“We don’t need to have just one favorite…Our favorite book is always the book that speaks most directly to us at a particular stage in our lives. And our lives change. We have other favorites that give us what we most need at that particular time. But we never lose the old favorites. They’re always with us. We just sort of accumulate them.” — Lloyd Alexander
Like so many others who read voraciously – all kinds of books, from experimental modern fiction to the classics, from thoughtful novels of ideas to thrillers, and from analytical non-fiction to other-worldly fantasy – I have often been asked to name my favorite author, as if it were possible to choose just one. And as Lloyd Alexander points out above, I tend to read according to mood and what appeals at different stages of my life. My all-time favorite books, however, tend to be those which deal with ideas in a unique way, capturing my imagination at the same time that they convey a new slant on a universal theme. If they are also written with a touch of humor, so much the better. Among my long-time, special favorites are several authors who are little known in the United States, authors whose unique work has continually entertained and surprised me, often moving me to tears at the same time that it has left me with a smile on my face.

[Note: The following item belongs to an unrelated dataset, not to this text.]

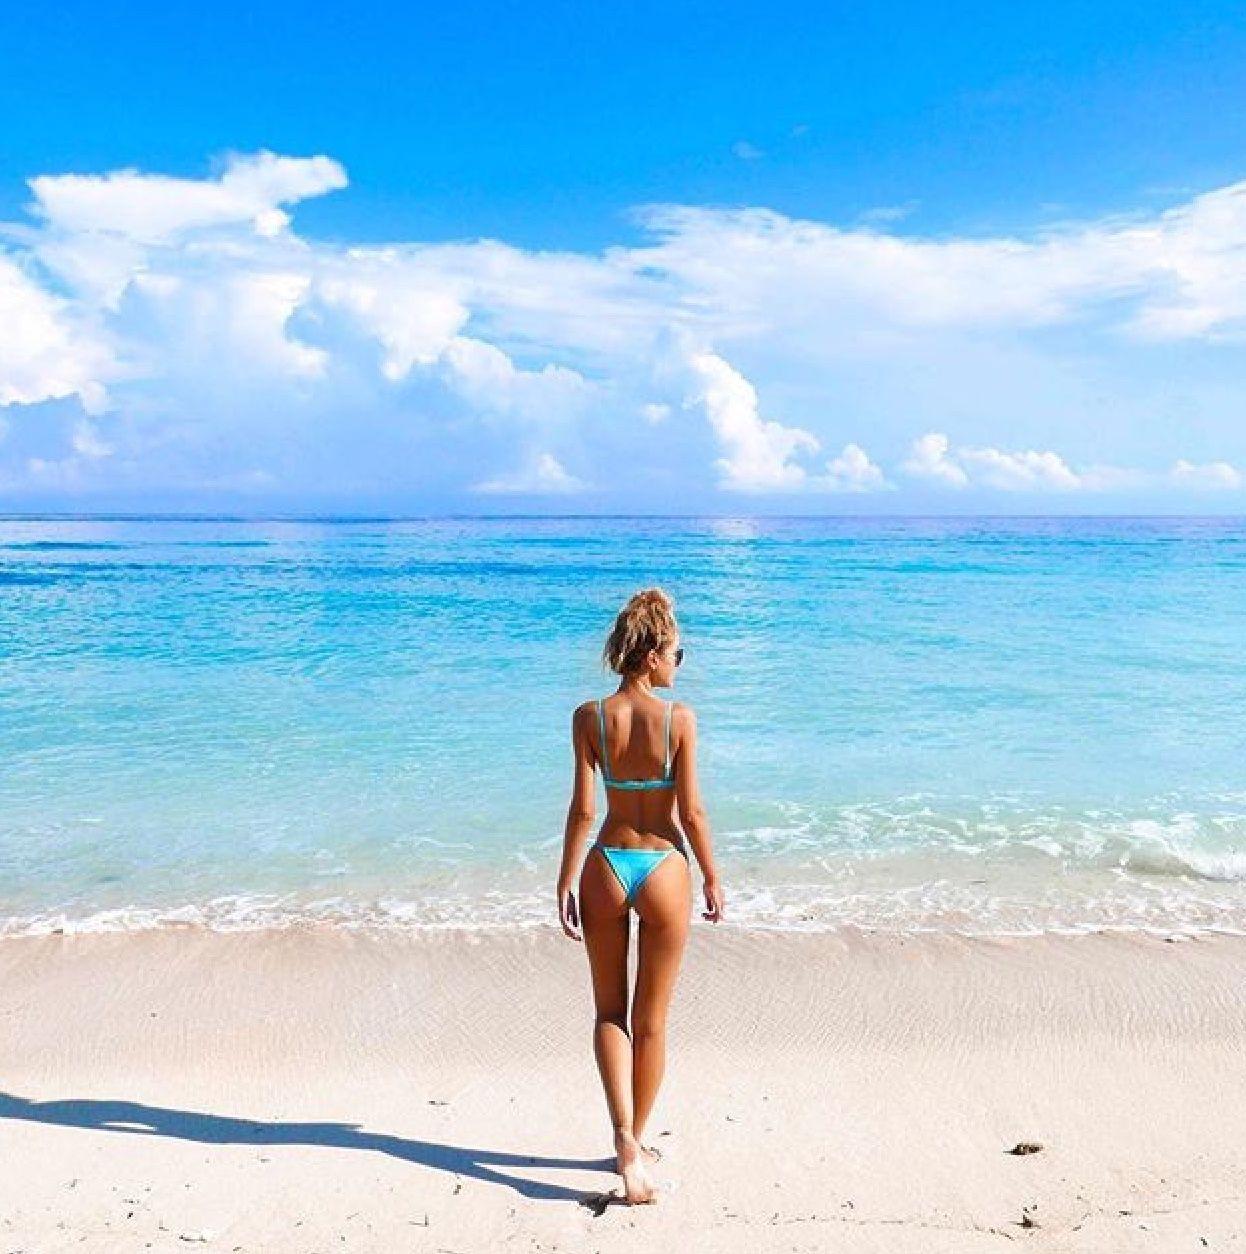 Summer beach girls pictures, mature lingerie pics
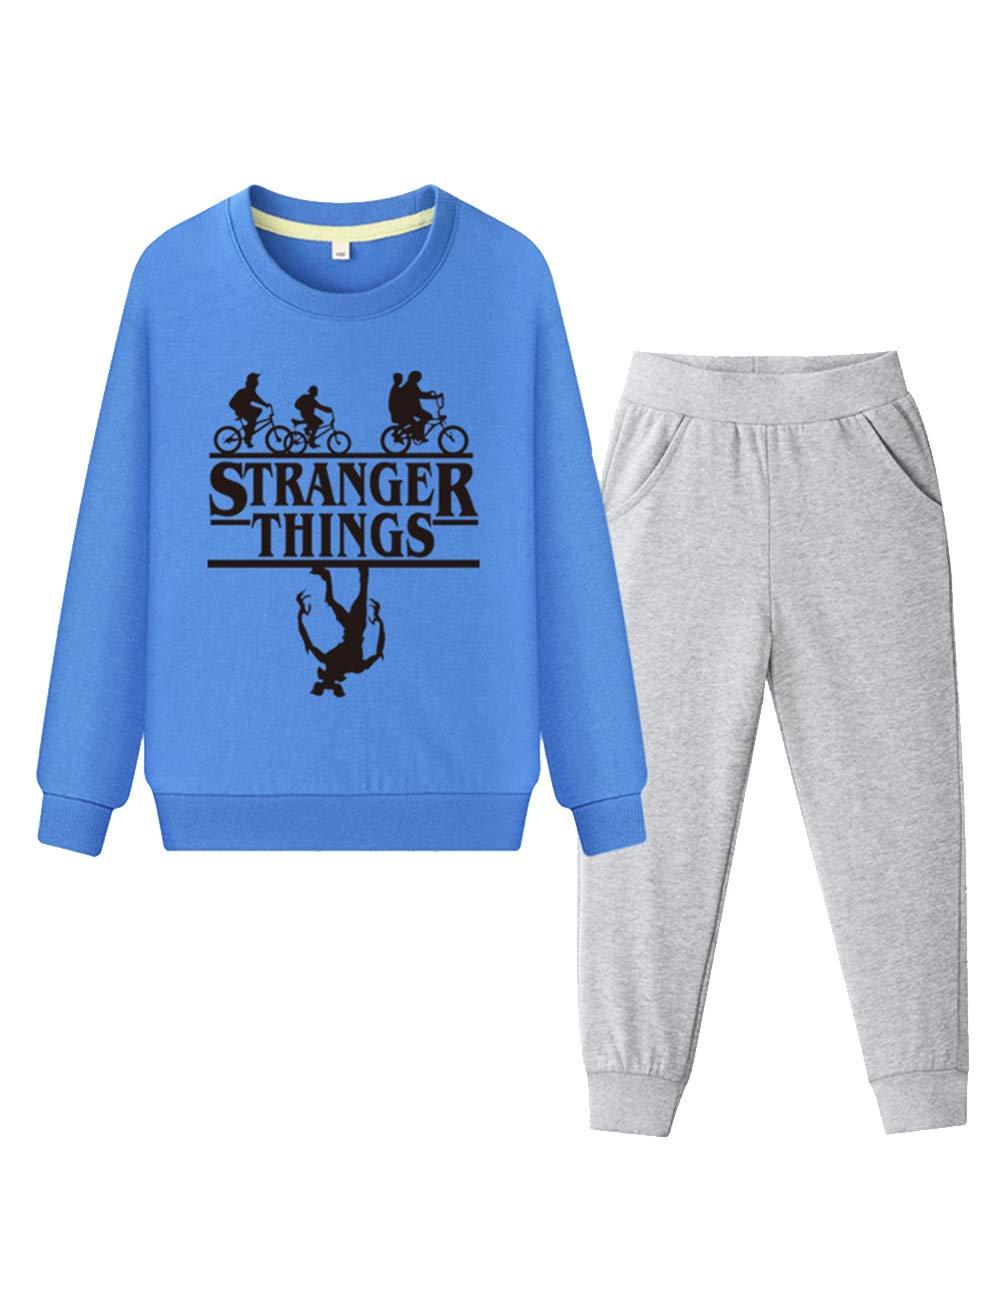 KIACIYA Stranger Things Conjuntos Niña Y Niños Chándal Stranger ...

One such author is Australian author Elizabeth Jolley (1923 – 2007). Born in England, Elizabeth Jolley moved to western Australia with her husband in 1959, raised her children, and in 1976, at the age of fifty-three, finally saw the publication of her first novel. It was not until 1983, when she was sixty, however, that her writing began to receive recognition, and once it did, she experienced non-stop success, with fifteen novels, three short story collections, three plays, and three books of non-fiction, published to great acclaim within twenty-one years. Winner of over a dozen literary prizes and awards including Australia’s prestigious Miles Franklin Award, she was made a member of the Order of Australia for Services to Literature, and in 1997, was declared an Australian Living Treasure. Though she achieved enormous literary recognition, Jolley’s personal life was complicated, but I will save that story until I review her biography.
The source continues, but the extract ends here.